Ever since I met her, I've been a big fan of Becky McCray  and what she's doing with her blog Small Biz Survival. I'm trying to be concise, here. But her voice is authentic, her care and passion for small business and for small towns and for rural economies is real and strong and dedicated. She's an excellent writer. She's a risk-taker. And she's one of the rare people who meld the obsessions and technologies of web 2.0/3.0/blogosphere with the day-to-day challenges of growing a small business, growing it in a small town and growing it in a rural area. She's got a great big heart. Her fans are numerous.
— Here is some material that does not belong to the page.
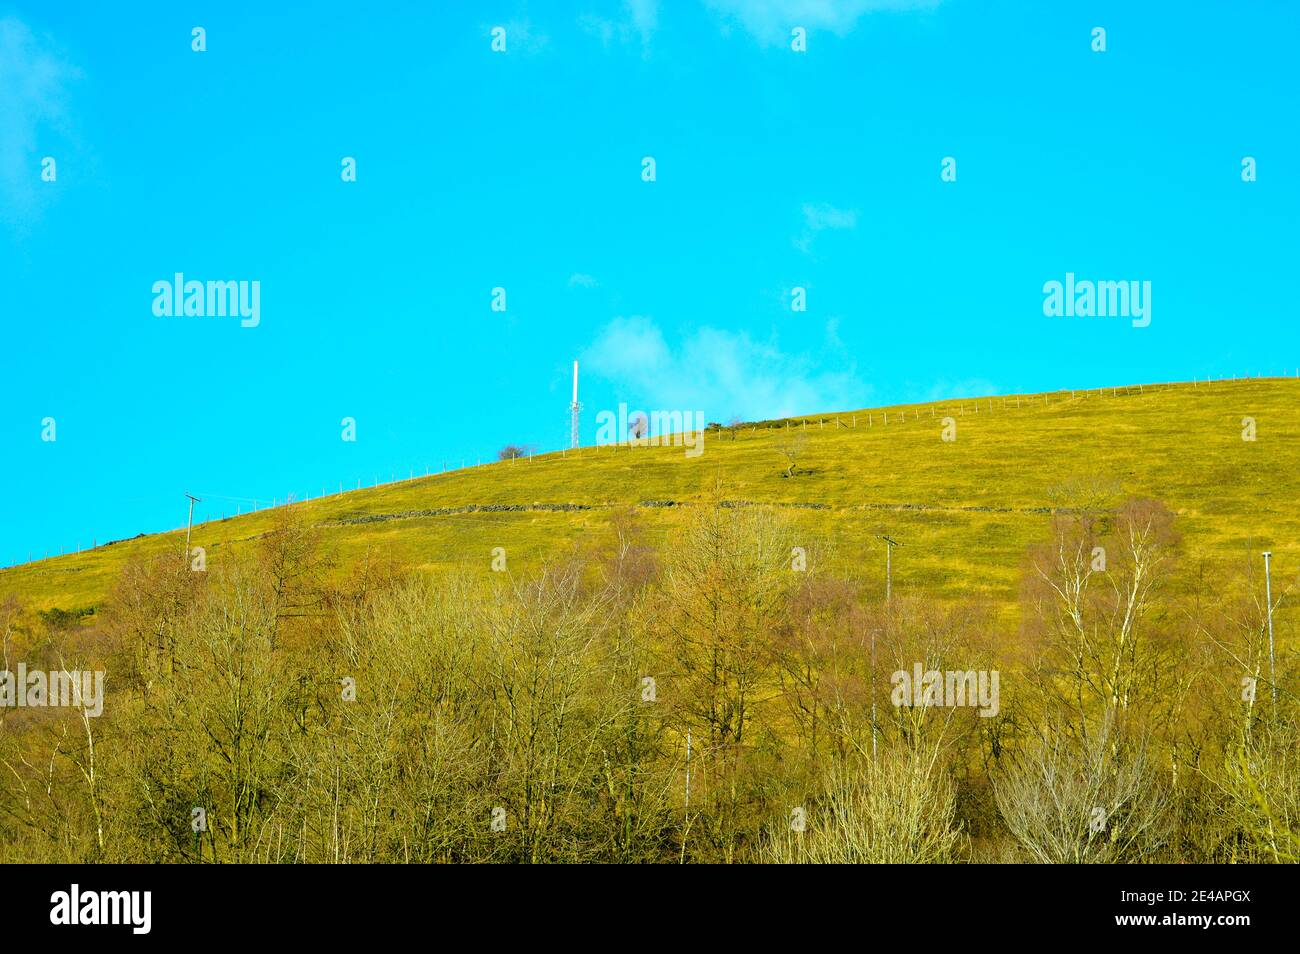 Saddleworth radio and TV transmitter on top of a hill in Saddleworth, Oldham Stock Photo

And if that's not enough...when she's not blogging and running her own retail business, she's out fixing fences and fence posts on her cattle ranch. For me, that's near the ultimate for bridging worlds. And she does it smoothly and smartly every day, every blog post, every tweet.

Her first guest post is today: Creativity in the Long Term. Here's how she ends it:

The key is to get involved in some project, any project, promoting creative thinking in your community. I'm betting the payoff is a lot shorter than 30 years.

See. She's smart, articulate, has the long-term vision and remains practical: Get involved in some project...

I hope you enjoy her posts as much as I do. And don't wait for her posts here. Go read and subscribe to Small Biz Survival.

May 28, 2008

10 More Reasons Why Twitter's Going to Grow

Despite some pains of growth, Twitter's going to continue to grow. Here's Robin Bloor's post 10 Reasons Why Twitter Rocks. I'd have to agree.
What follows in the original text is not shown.